The Howe Sound School District carried a motion Wednesday (May 11) to change an operational philosophy that generated controversy during its implementation adopted during the 1998/99 school year.

Decentralization introduced a decision making process "in which significant actions aimed at achieving specified results are made in the schools," according to board definitions. That meant allowing individual schools and educators to see the entire school budget and make decisions accordingly.

But a few months into the process, local teachers voted not to support site-based management, saying that they wanted to spend their time teaching rather than acting as managers.

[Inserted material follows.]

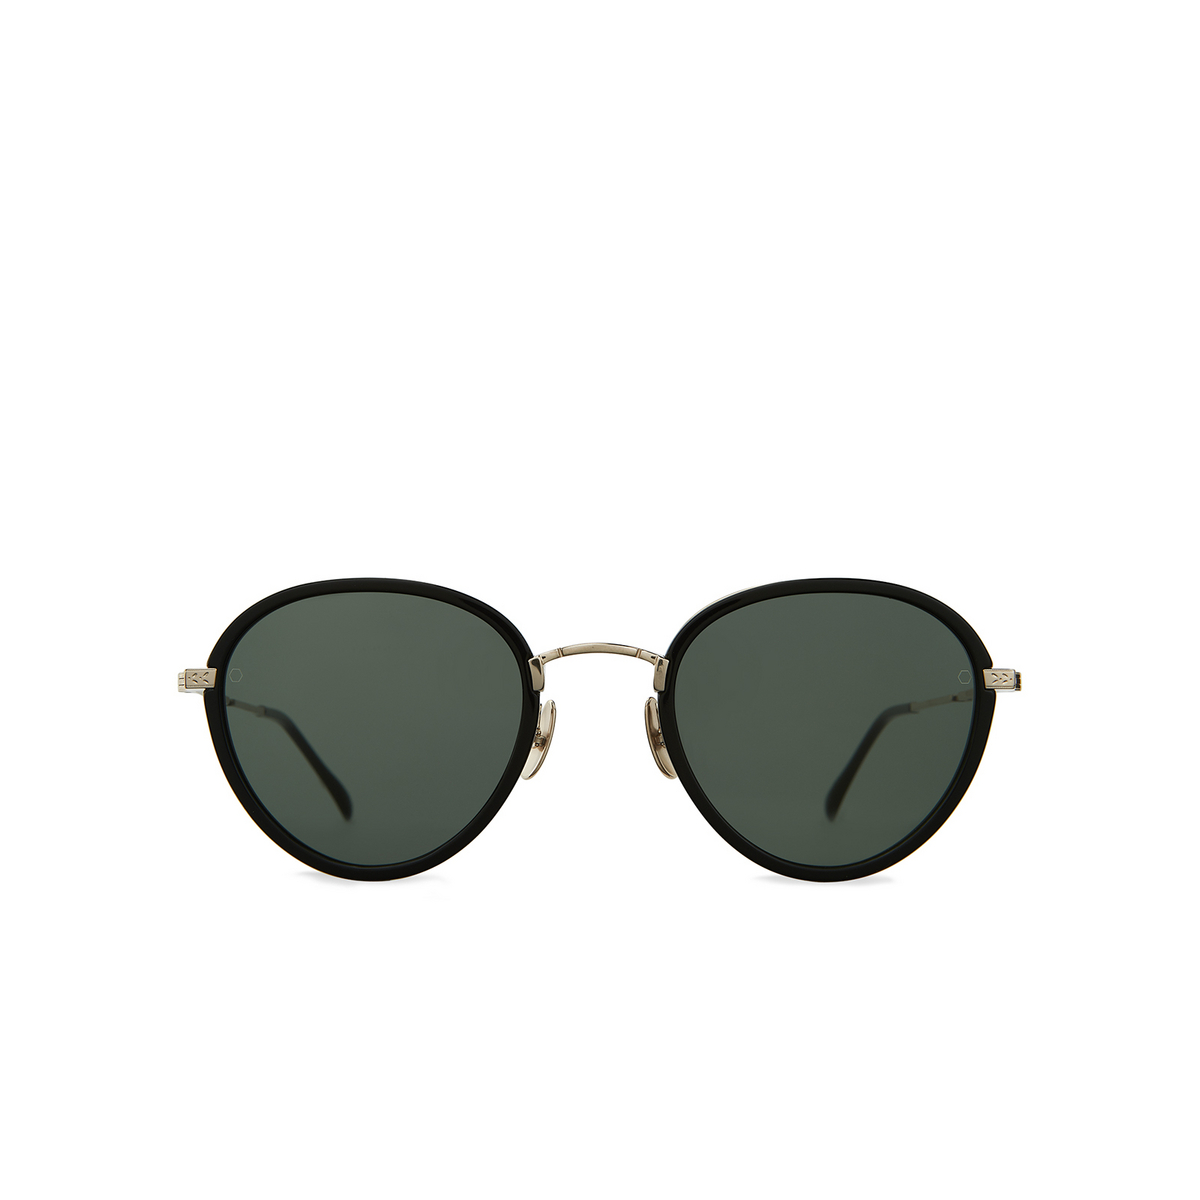 Mr. Leight MONTEREY SL Sunglasses MBK/G15+ASH/BLUL Matte Black / G15 + Ash / Bluelight - front view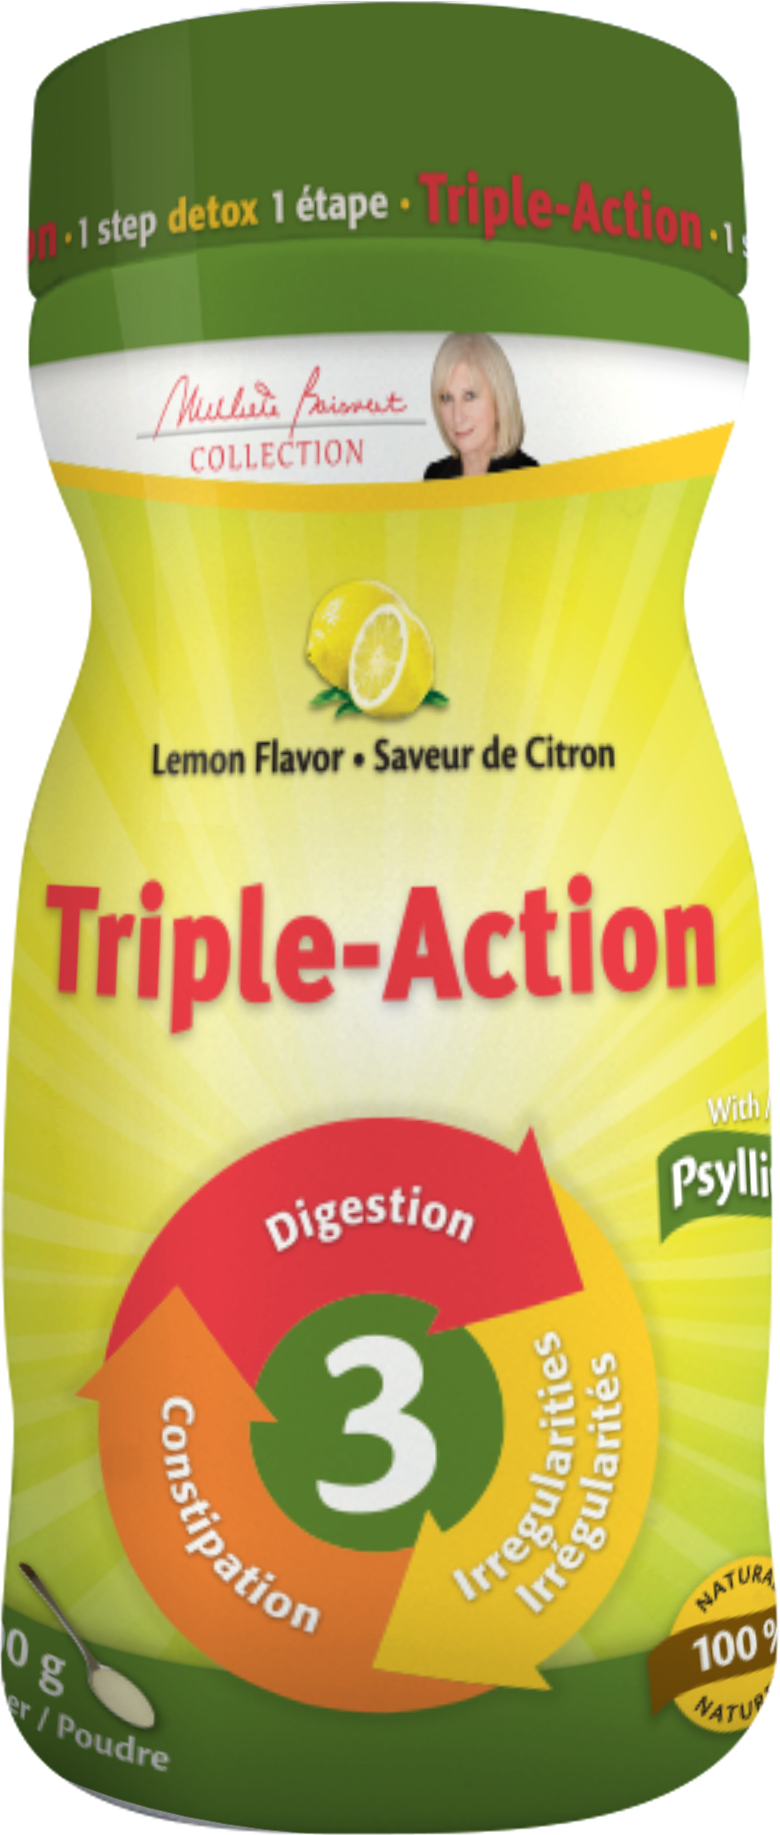 Triple Action (Lemon flavour) 200 g | Michele Boisvert Collection

Although the term "decentralization" suggests complete site-based management, the model did also involved the other levels of governance, the Ministry of Education and the school district, and then superintendent of schools Mike Fitzpatrick said in 1997 that input would be considered in the fine-tuning of the model. The current superintendent of schools, Dr. Rick Erickson, said that this fine-tuning has occurred every year, and although decision-making powers remain the same, the decision to take the term "decentralization" out of the new policy was done to acknowledge all levels of governance.

"The modifications bring it back into a more inclusive type of system," said Erickson. "No system is truly decentralized if there are powers and responsibilities at other levels. The province does have a role, the school district does have a role in supporting education initiatives, it's not just schools that have the role and individual teachers, independently, that facilitate decision-making. So it goes to the concept that there's more than a school that makes a decision. We live in a family and we all have distinct responsibilities."

Erickson used the example of elementary school counsellors to highlight the need for shared responsibility. In the past the elementary counseling function was decentralized to schools, which meant that the position wouldn't necessarily be specialized and students couldn't receive counselling whenever it was needed.

"So the school district then took over or reestablished that elementary counselors worked best as full time specialists working in different schools from the school board office," said Erickson. "So that would be an example where site based management would say one thing but it's actually operationally we needed to do something different."